The Mark of a "Facebook Era"

Facebook Goes Public
Tuesday, May 29th, 2012
This past Friday, Facebook, one of the top 20 biggest brands in the world, went public.  It joined the NASDAQ stock market with an Initial Price Offering (IPO) of $38.00 per share, one of the largest in history.  Despite Facebook’s worldwide renown however, the stock has had a shaky start in its first two days of trading.  Because of Facebook’s widespread popularity, incredible growth, and astounding success over the past years, traders expected the stock to increase in value.  Many quandaries, however, such as a delayed opening, high initial IPO and last minute change in IPO, and confusion with stock prices hindered its success. 
Before trading commenced, Facebook was on an unbeaten path.  Its IPO was the third biggest in the United States, perhaps too high.  This high value may have seemed too high or too risky for potential buyers, thus decreasing the stock’s initial public reception.  In addition, this abnormally high IPO may have been strenuous for the NASDAQ trading systems to deal with, which may have affected trading.
The oddity of Facebook’s public opening began when its lead underwriter requested a delay in its opening.  After this delay, traders were notified that the IPO was raised to $42.00 per share.  When the stock was officially opened for trade, there was delay and confusion in the exchanges.  People traded the stock at varying mistaken values and did not receive immediate confirmation of their trades.  In total, this fiasco affected and estimated thirty million orders.  Some traders overconfidently expected that the share value would increase by ten to twenty percent on the first day.  The issues stated above however marred this ambitious desire.

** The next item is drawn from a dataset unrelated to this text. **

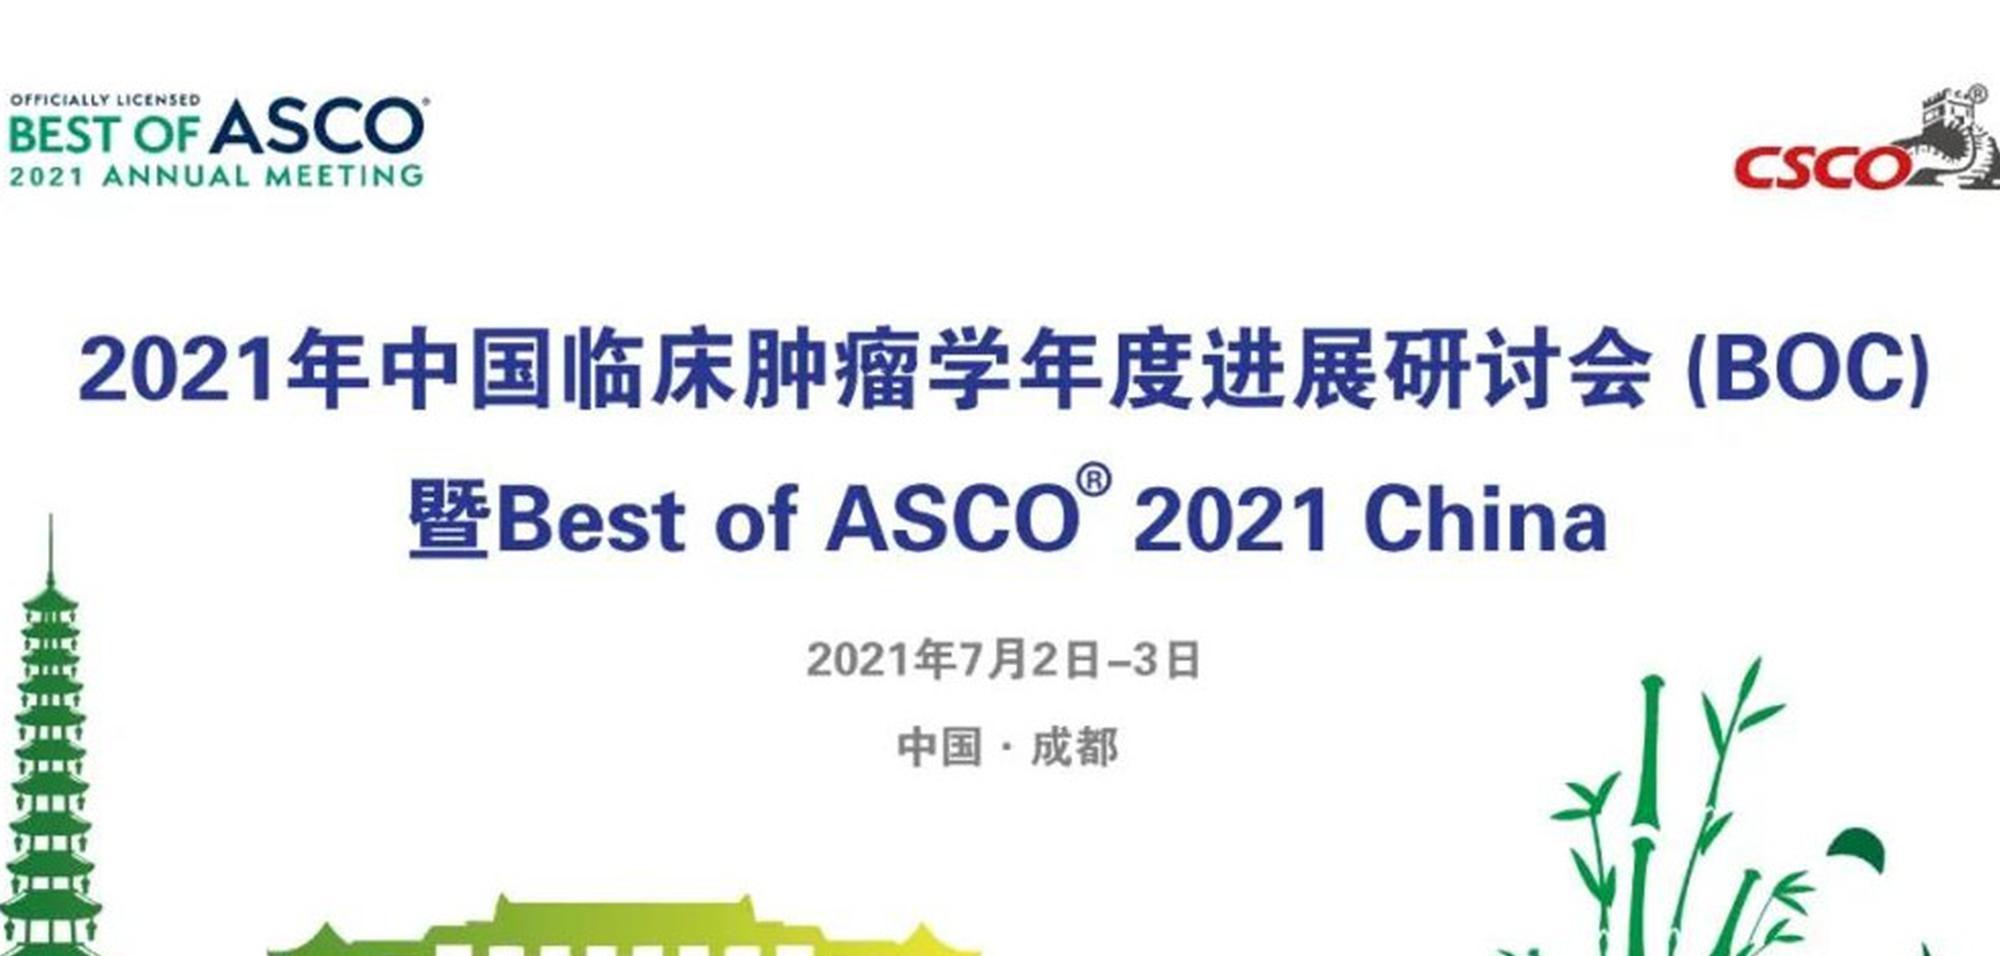 开放注册丨BOC/BOA 2021 China会议

In addition to the numerical setbacks of Facebook’s stock, many people have criticized the stock’s potential to increase in value because of the company itself.  They pointed out that Facebook does not provide steady profits because the company does not actually produce any goods.  It is a service-based company that only generates revenue through advertisements.  This fact shows a weakness in the company that may have repercussions in its future.
Despite the issues, the Facebook stock is not a complete bust.  Over 571 million shares were traded on Friday, the value increased by $0.23, it still remains a successful multibillion dollar company.  The stock has not been a total success, but only two days have passed in trading, so there is plenty hope that the stock will succeed in the future. 
When observing this phenomenon, one cannot help but wonder what motivated Mark Zuckerberg, Facebook’s CEO and creator, to make it a public company.  Money was not an issue for the company, as its holdings currently exceed $105 billion.  Promotion was almost definitely not a motivation, as it already has 900 million+ members.  On Friday May 18, Zuckerberg gave enthusiastic insight as to the motivation for going public and stated that “our mission isn’t to be a public company. Our mission is to make the world more open and connected.”  Perhaps this statement sums it up.  Going public is simply a part of developing the company and connecting people around the world.  The statement is a bit vague, but fits consistently with the company’s ideology to connect people through the Internet.
Although Facebook’s public stock has gotten off to a weak start, it is too early to view this as a full indication of the company’s future success.  Viewing the past success of suggests that the company there is still ample hope for the company to succeed, especially in light of the life changing innovation and implications is has created.  Facebook has literally altered the lives of hundreds of millions of people, and its lasting impression will likely continue to define our generation and global society.  When a company has this much influence, it only seems possible for it to succeed as time continues.